- **Work order**
Reproduce only what runs from the line containing "Gentle waltz, acoustic" to the line containing "和風EDM。動画のオープニングにピッタリの未再生の波形" in the records below, inclusive. Keep it exact, and keep the pictures out.

(Material supplied)

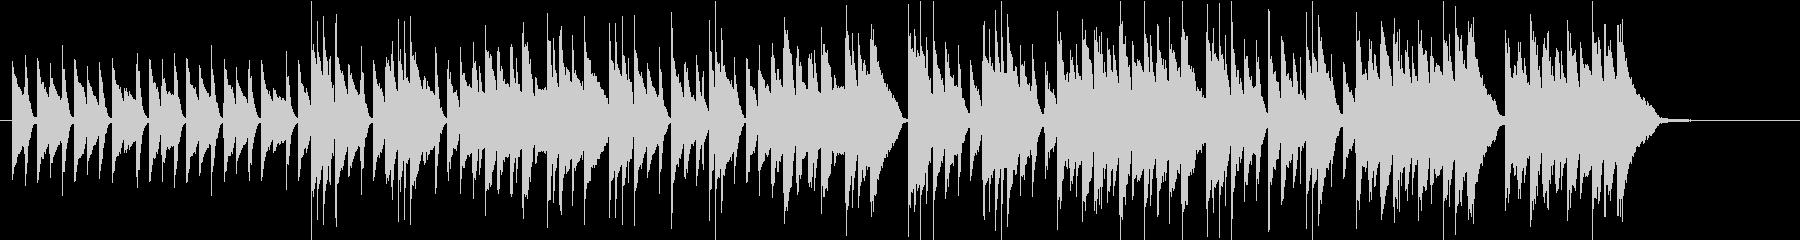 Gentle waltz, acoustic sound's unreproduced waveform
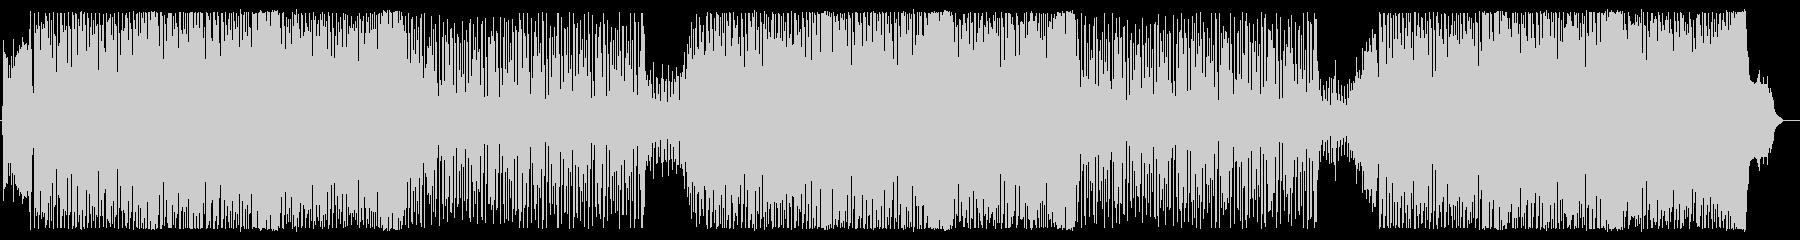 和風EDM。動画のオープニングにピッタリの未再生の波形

(End Material supplied)
(Material supplied)

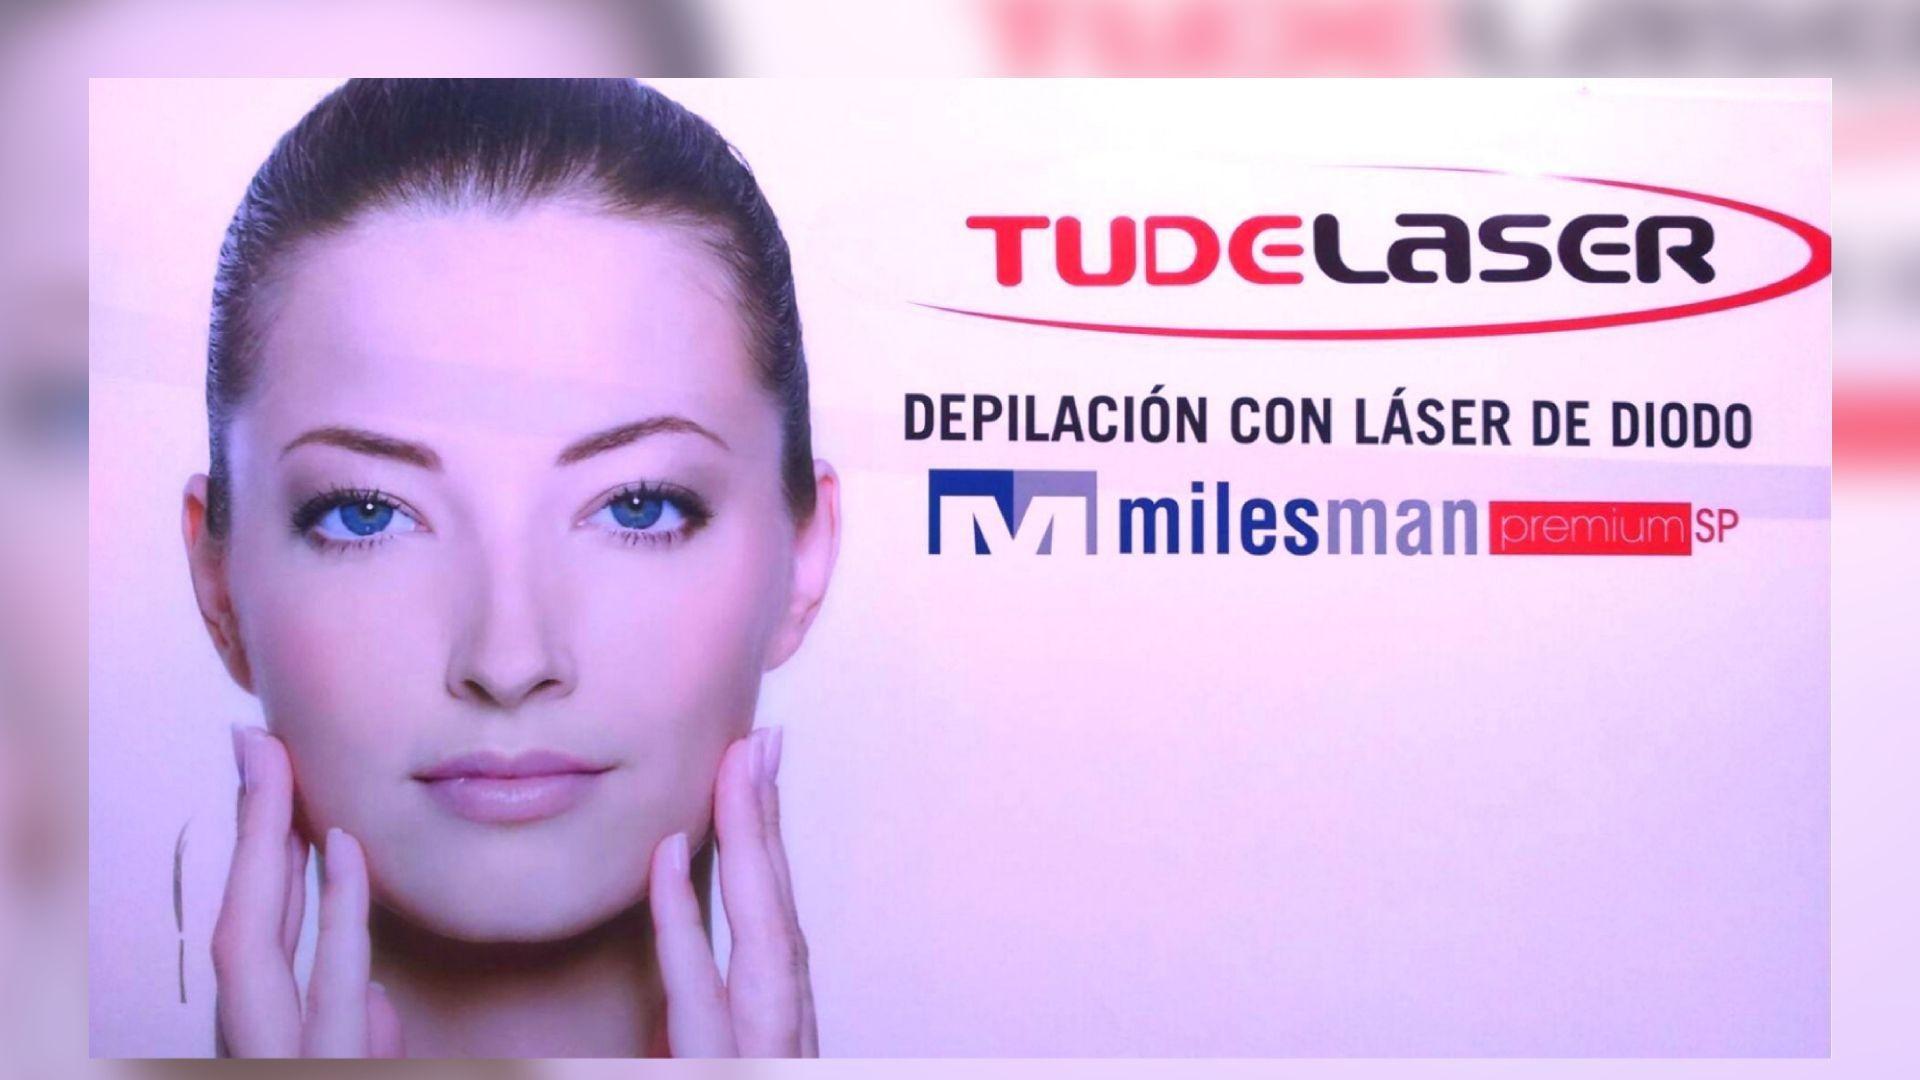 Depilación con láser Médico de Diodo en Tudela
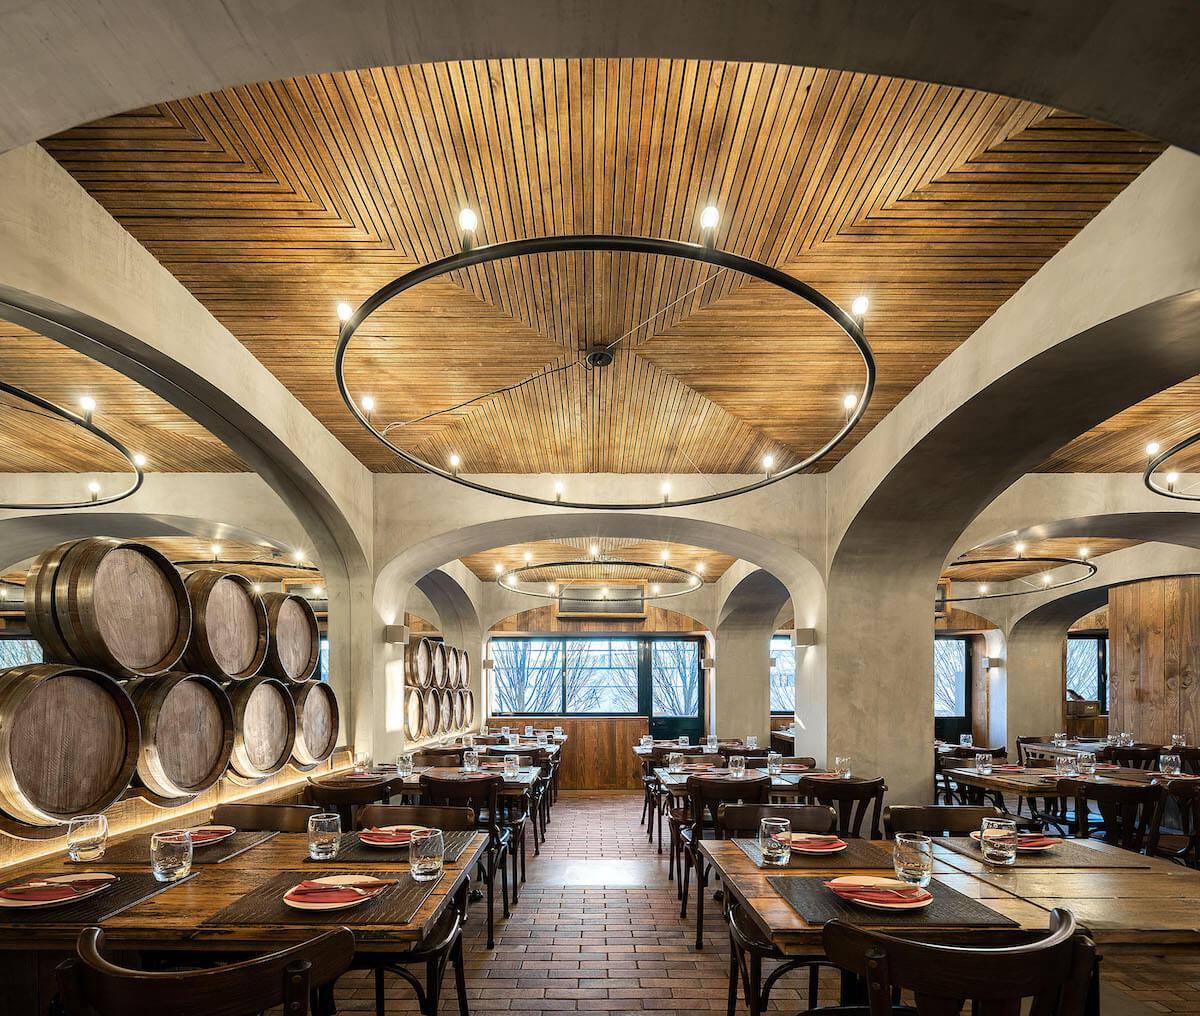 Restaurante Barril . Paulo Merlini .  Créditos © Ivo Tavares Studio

(End Material supplied)

- **Solution**
 Gentle waltz, acoustic sound's unreproduced waveform
 和風EDM。動画のオープニングにピッタリの未再生の波形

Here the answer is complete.